This is a step-by-step guide for people who want to install Tensorflow modules on M1 Mac. You can now leverage Apple’s tensorflow-metal PluggableDevice in TensorFlow v2.5 for accelerated training on Mac GPUs directly with Metal
Reference Articles: How To Install TensorFlow on M1 Mac (The Easy Way) | by Prabhat Kumar Sahu | Medium Tensorflow Plugin - Metal - Apple Developer
Go to the website The Missing Package Manager for macOS (or Linux) — Homebrew, copy the following into terminal:
xcode-select --install
Download “Conda env” from the link, drag it to your download folder Tensorflow Plugin - Metal - Apple Developer
Follow the instructions on the web: copy the codes into terminal:
chmod +x ~/Downloads/Miniforge3-MacOSX-arm64.sh
sh ~/Downloads/Miniforge3-MacOSX-arm64.sh
Keep pressing yes/return to proceed with the installation, until it ask you “Do you wish the installer to initialize Miniforge3?” I typed no as I don’t want it to initialize every time.

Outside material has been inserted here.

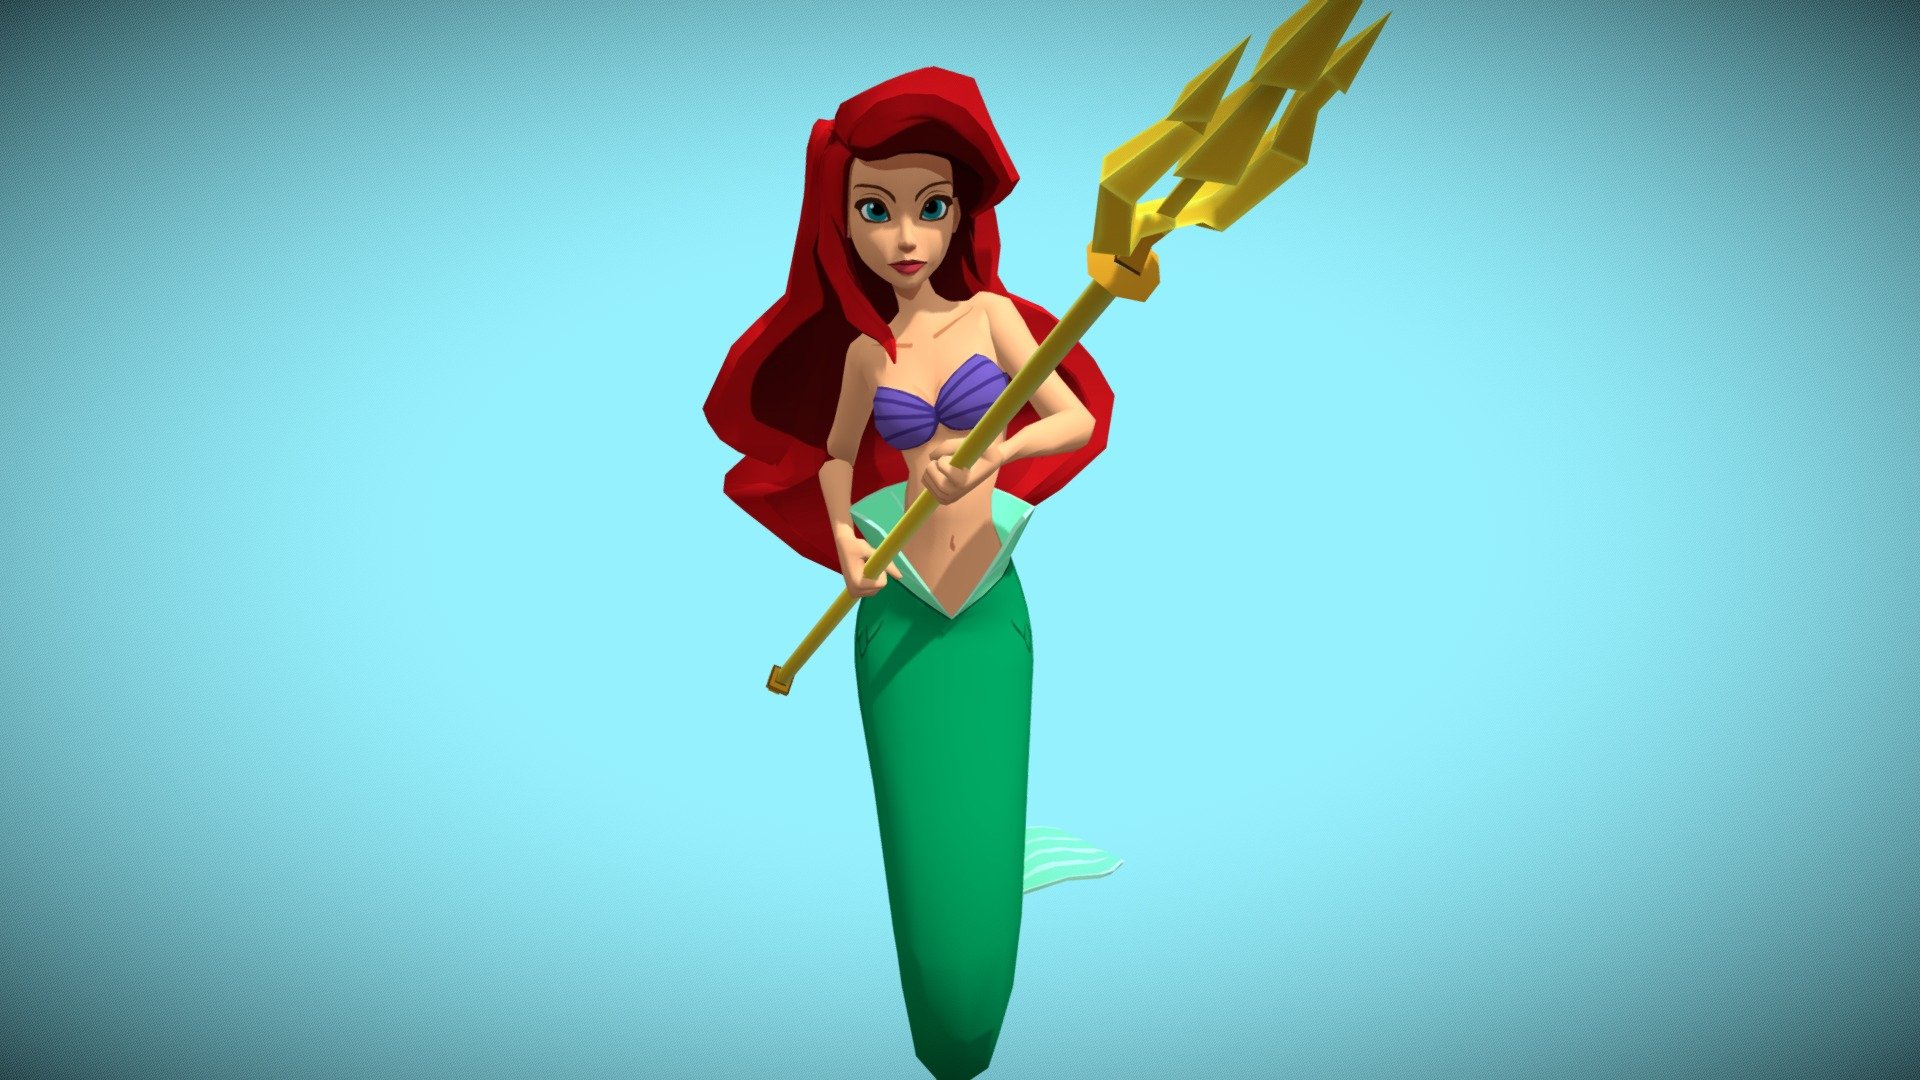 Ariel Combat Idle 01 - Download Free 3D model by James Lashmar (@iamneuron) 3d model

source ~/miniforge3/bin/activate
conda install -c apple tensorflow-deps
python -m pip install tensorflow-macos
python -m pip install tensorflow-metal
conda install -c conda-forge -y pandas jupyter
conda install numpy
(At a later stage it may complain not having NumPy so we can install it beforehand)
jupyter notebook
In the notebook, try the following:
import tensorflow as tf
print(“Num GPUs Available: “, len(tf.config.experimental.list_physical_devices(‘GPU’)))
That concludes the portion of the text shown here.